START RECORDS FOR THE EXERCISE

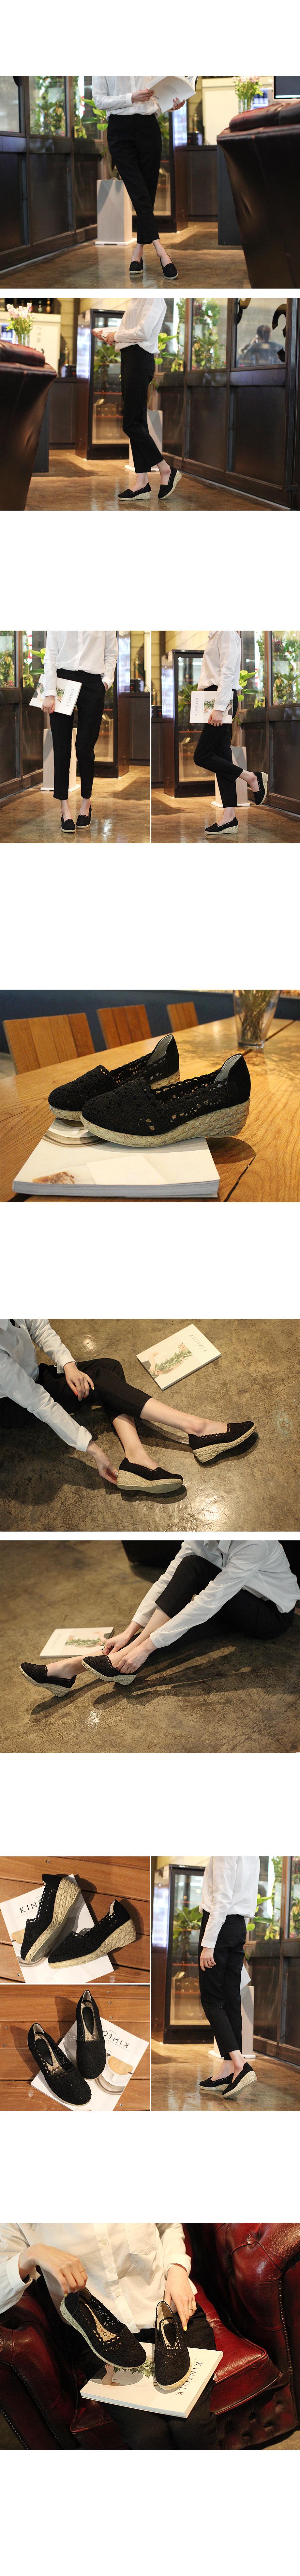 Morian Espadue Wedge Heels 2cm, 5cm
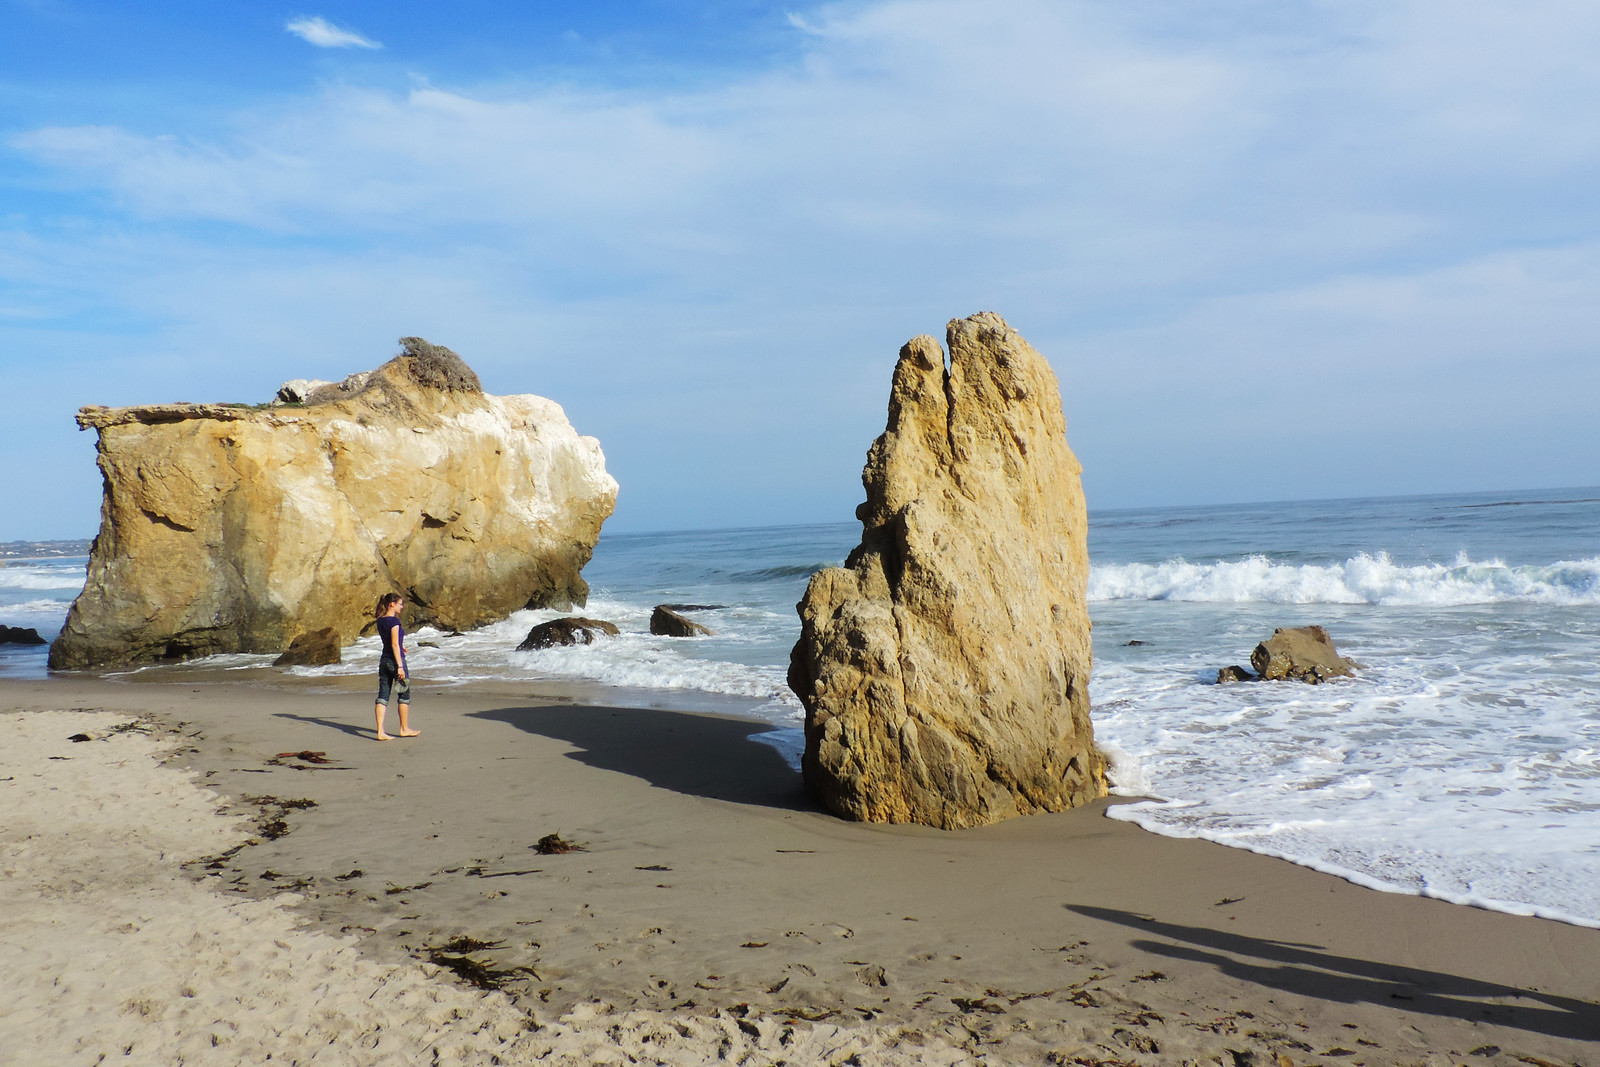 El Matador Beach, Malibu, California, USA
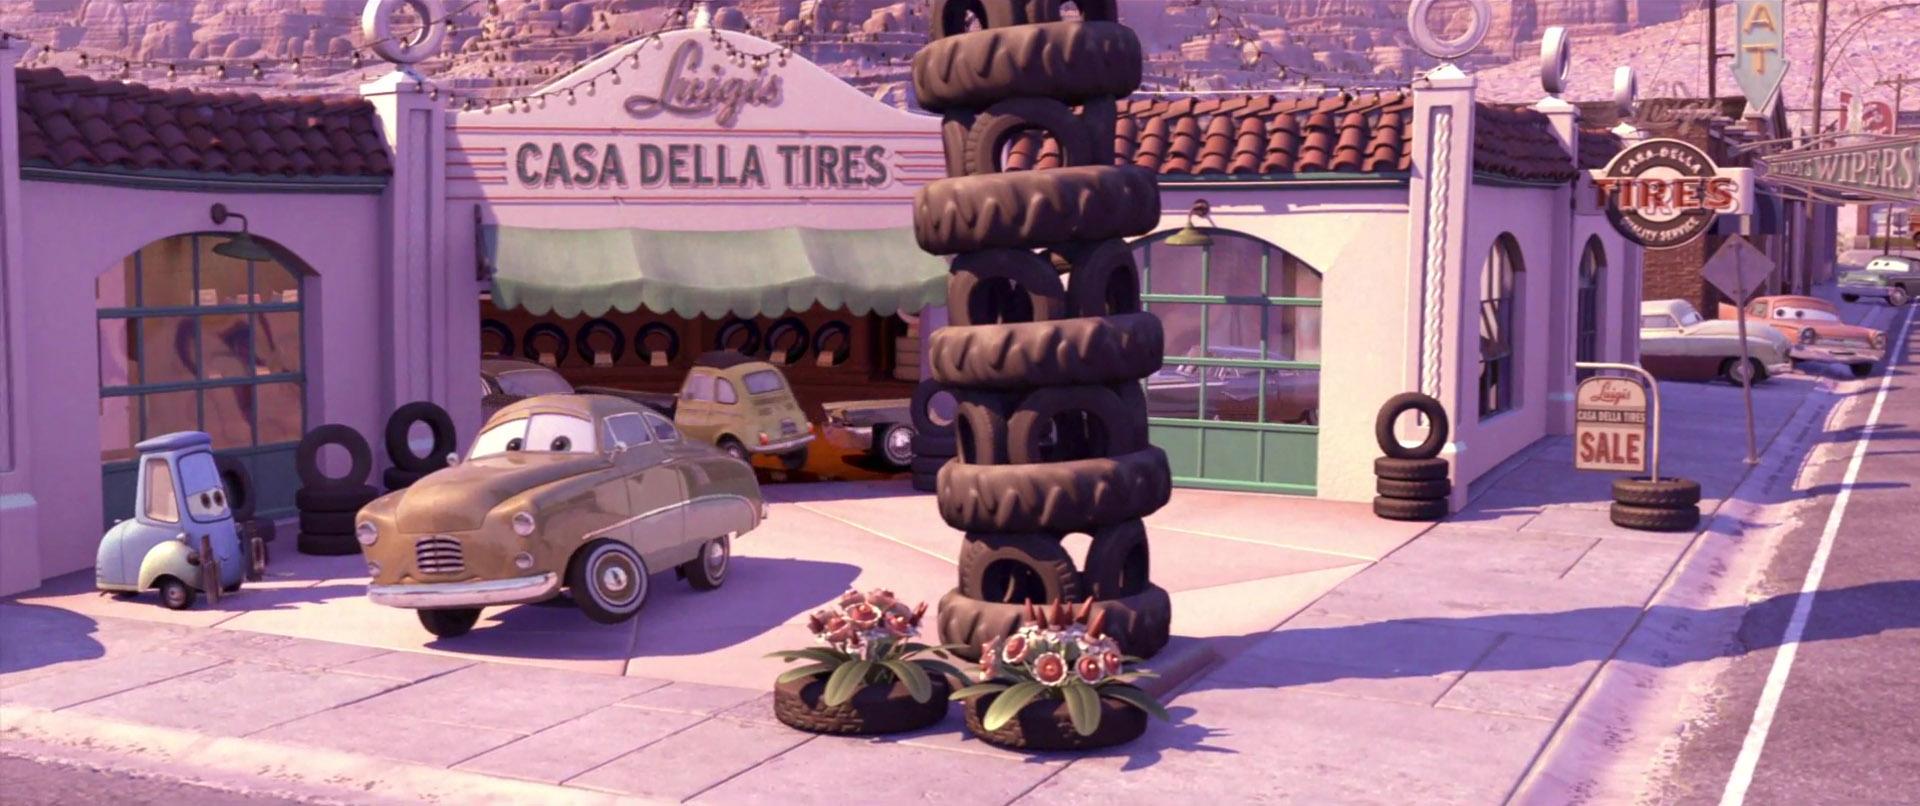 mildred bylane personnage character pixar disney cars
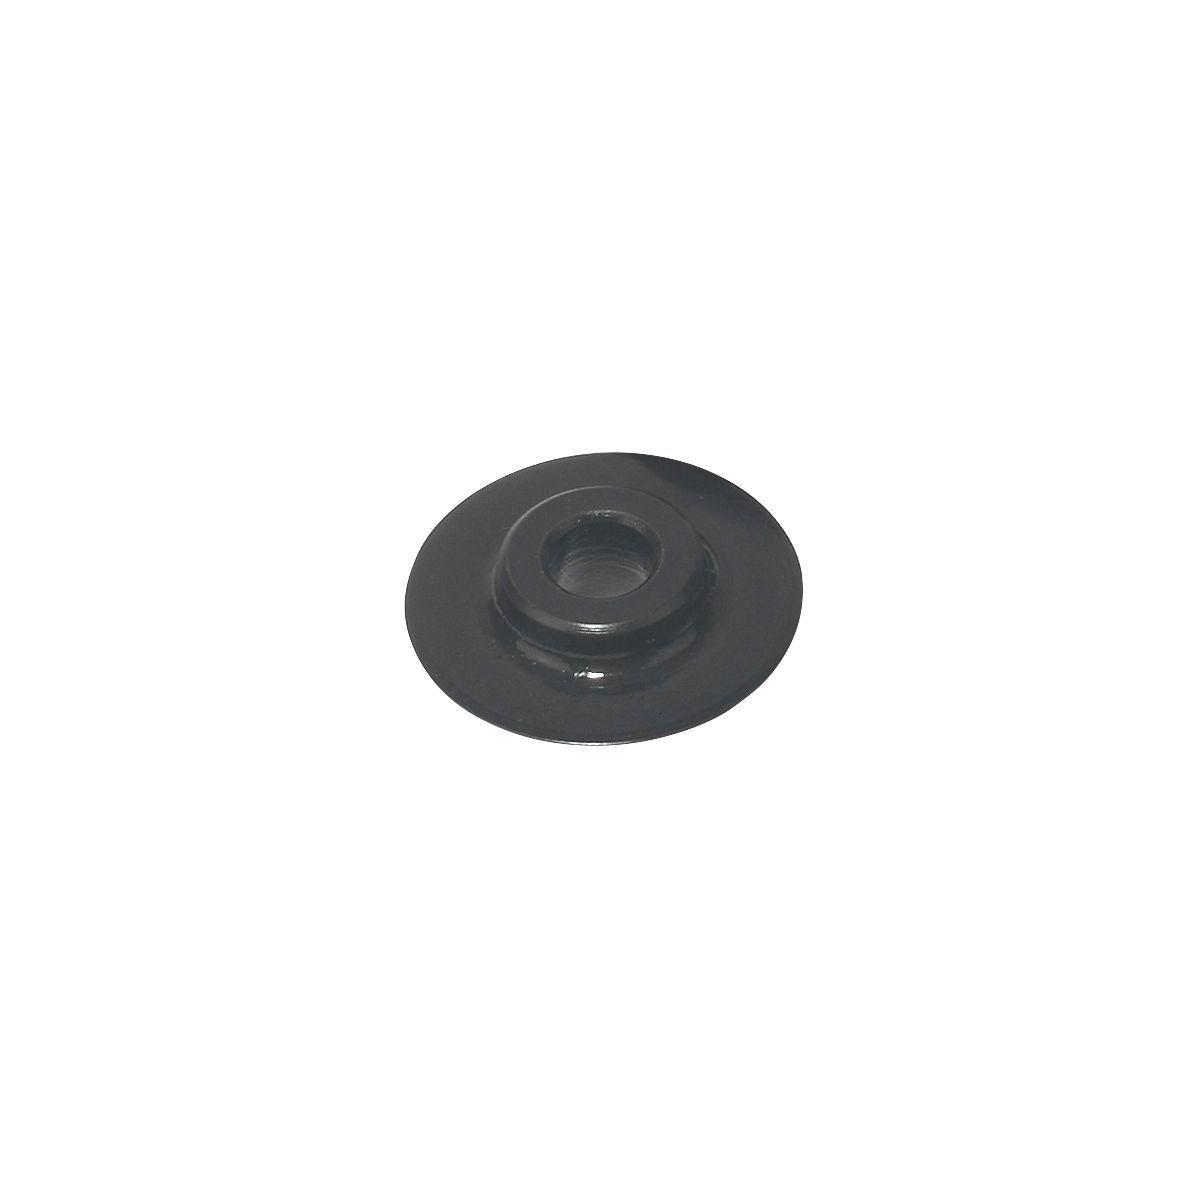 Rothenberger 70017 Cutting Wheel
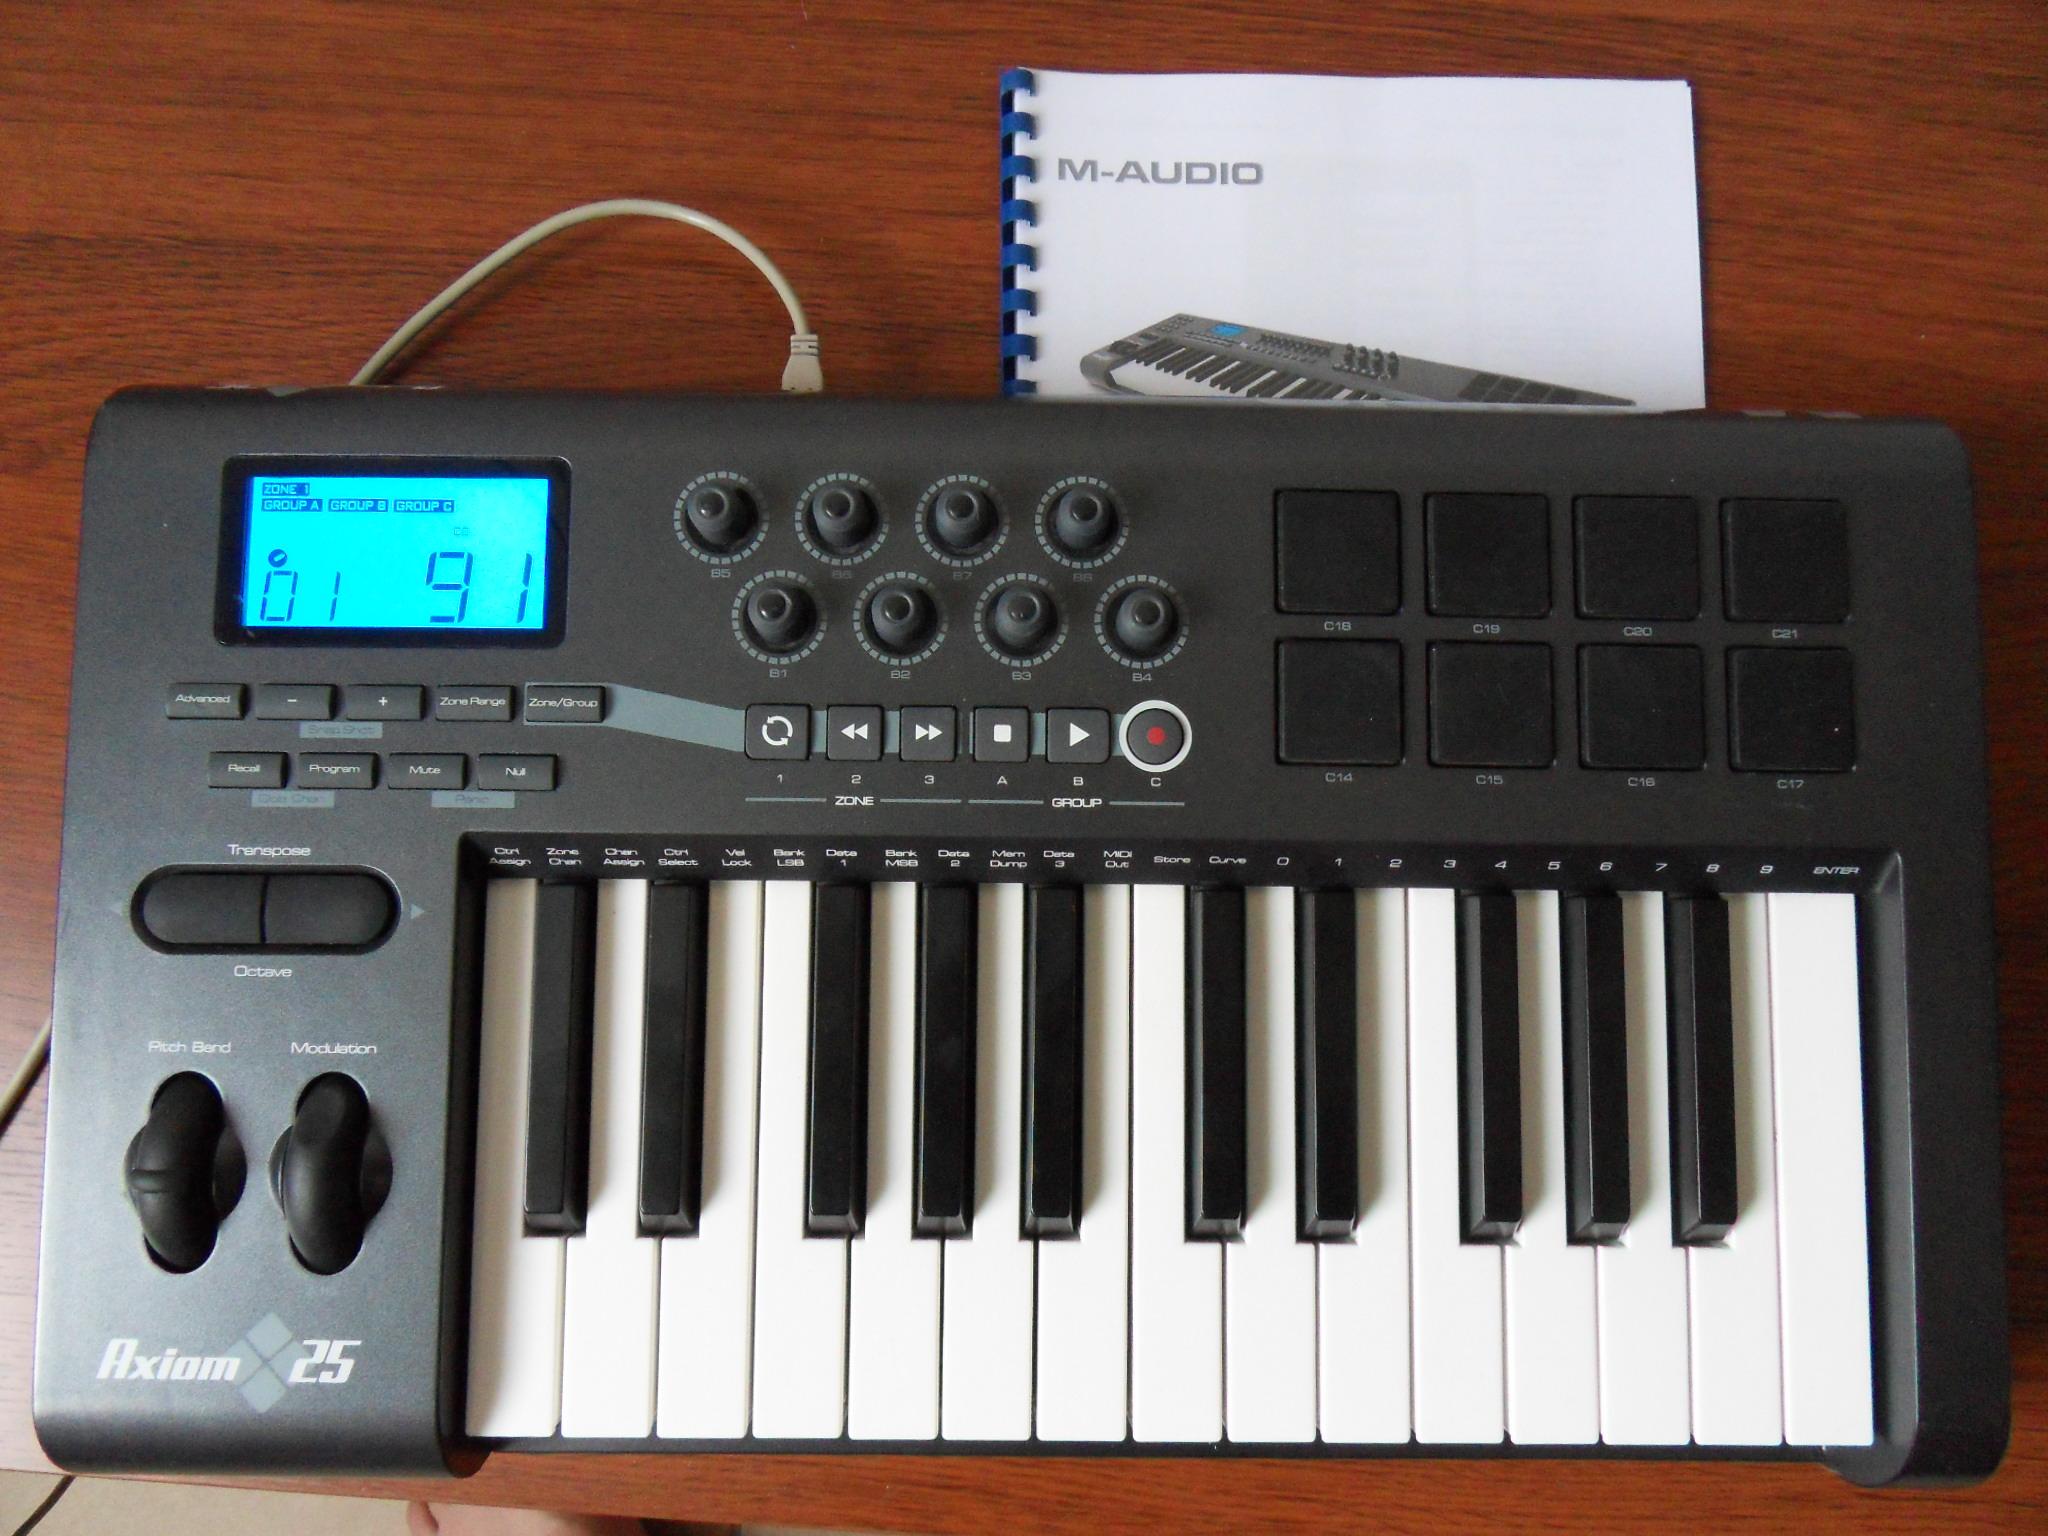 m audio axiom 25 image 372756 audiofanzine rh en audiofanzine com m audio axiom 25 manual pdf m-audio axiom 25 manual español

END RECORDS FOR THE EXERCISE

* _EXERCISE DIRECTIONS_
Print, exactly and only, the lines running from the line with "mildred bylane personnage" through the last line of the data, including both. Skip any picture.

* _TASK ANSWER_
 mildred bylane personnage character pixar disney cars
 Rothenberger 70017 Cutting Wheel
 m audio axiom 25 image 372756 audiofanzine rh en audiofanzine com m audio axiom 25 manual pdf m-audio axiom 25 manual español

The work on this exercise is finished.